To engage in derivative trading is to venture into pirate-infested seas, an environment in which hedge fund trading has swelled to the point of creating “new kinds of risk and play[ing] a major role in the meltdown of the world’s financial system.” Moreover, because of the foolish 1999 repeal of the Glass-Steagall Act--the Depression-era legislation of 1933 that separated commercial banking from investment banking--our largest banks may still take our deposits, continue to rely upon government protection of losses through the F.D.I.C., yet now freely gamble it all by steering into these risky, pirate-infested seas. From the point of view of the American public, this is like chartering a relaxing cruise, only to have the ship’s captain steer a course through the Gulf of Aden and the Straits of Malacca.
|Pirate skiffs alongside a merchant ship|
|Achilles Macris, JPMorgan Chase, London office|
|Boaz Weinstein, Saba Capital Management|
In Azam Ahmed’s article about Weinstein, “The Hunch, the Pounce, and the Kill,” I direct you in particular to paragraphs 18-23, in which he describes a conference at JPMorgan’s New York offices in February. It was here that Weinstein essentially set the bait that hooked and landed “the London Whale.” OK, please forgive this shift of metaphors from piracy to fishing, but I hope we can agree that these two activities share a lot more besides their aqueous environment.
|Beached Whale (no picture available of Bruno Iksil)|
|An example of the salty observation of our ex-Vice-President|
|21st century pirates|
Previously, when a big ship (read JPMorgan) needed to sail through dangerous waters, it could fall back on the protection of naval fleets (read government regulations).

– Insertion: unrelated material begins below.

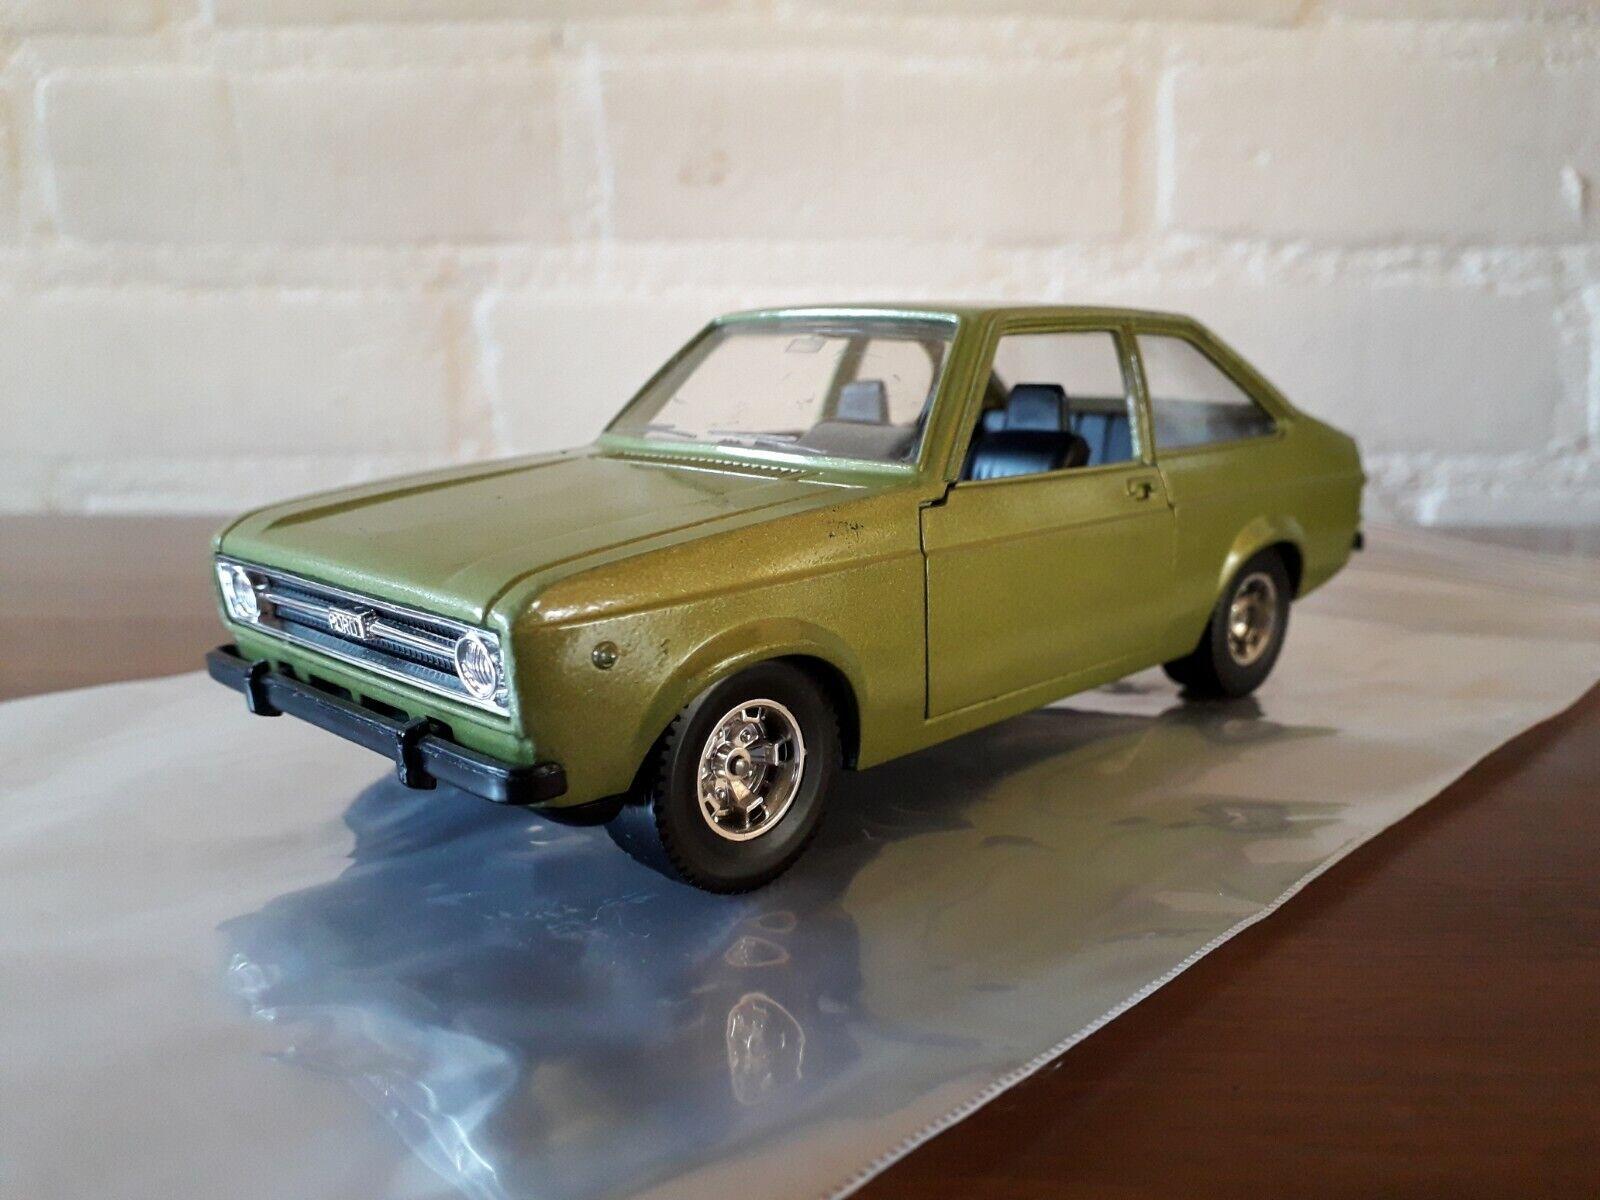 Bburago 1 24 No 0146 Ford Escort 1100L MK2 1975-1980 , verde metallic ´Rare´

Unfortunately, decades of greedy manipulation had reduced the effectiveness of such protection. In this case, besides the repeal of Glass-Steagall, American banks had successfully lobbied for deregulation ever since 1980: the Depository Institutions Deregulation and Monetary Control Act of 1980; the Garn-St. Germain Depository Institutions Act of 1982; the rabid and counterintuitive deregulatory movement cultivated by Alan Greenspan’s Ayn-Rand-inspired, free-market philosophy; the appointment of Wendy Gramm as chairperson of the U. S. Commodities Futures Trading Commission, which led to the exemption of swaps and derivatives from all regulation (not to mention her subsequent seat on the Enron regulation board); and, after Glass-Steagall fiasco of 1999, the SEC ruling that investment banks could determine their own net capital.
Emboldened by these acts, our big banks felt that they ruled the seas and were invulnerable. No one could impede their progress, and they could take all the risks they wanted with impunity. In fact, even as they greedily pressed for still more deregulation, by this past year our four biggest banks (JPMorgan Chase, Citigroup, Bank of America, Goldman Sachs) “held roughly 95 percent of the industry’s total exposure to derivatives.” This is not where banks should be.
|Jamie Dimon, chairman, president, CEO of JPMorgan Chase|
The best we can hope for is for Barack Obama to be re-elected and for Democratic gains in both the House and the Senate. Obama at least understands how the repeal of Glass-Steagall encouraged “a winner take all, anything goes environment that helped foster devastating dislocations in our economy,” as he told an audience at Cooper Union in March of 2008.
Mitt Romney, on the other hand, seems clueless as to any historical connections between what happened in the last few months at JPMorgan Chase and our deregulation. His only comment so far was that “this was a loss to shareholders and owners of JPMorgan and that’s the way America works. Some people experienced a loss in this case because of a bad decision. By the way, there was someone who made a gain.” Is this man for real? What insanity!
As Romney sees things, just as long as someone makes money, everything is all right. God help us. If Romney becomes our next President, he will continue to push for more deregulations of the banks, and that will create the conditions for another financial crisis. Our pirates have clearly shown that our big banks have no idea how to safely navigate the economic oceans of our world. And with continuing blunders, such as this most recent one by JPMorgan Chase, our big banks have done nothing to earn that blind faith that a Mitt Romney or most of the Republican establishment still put in them.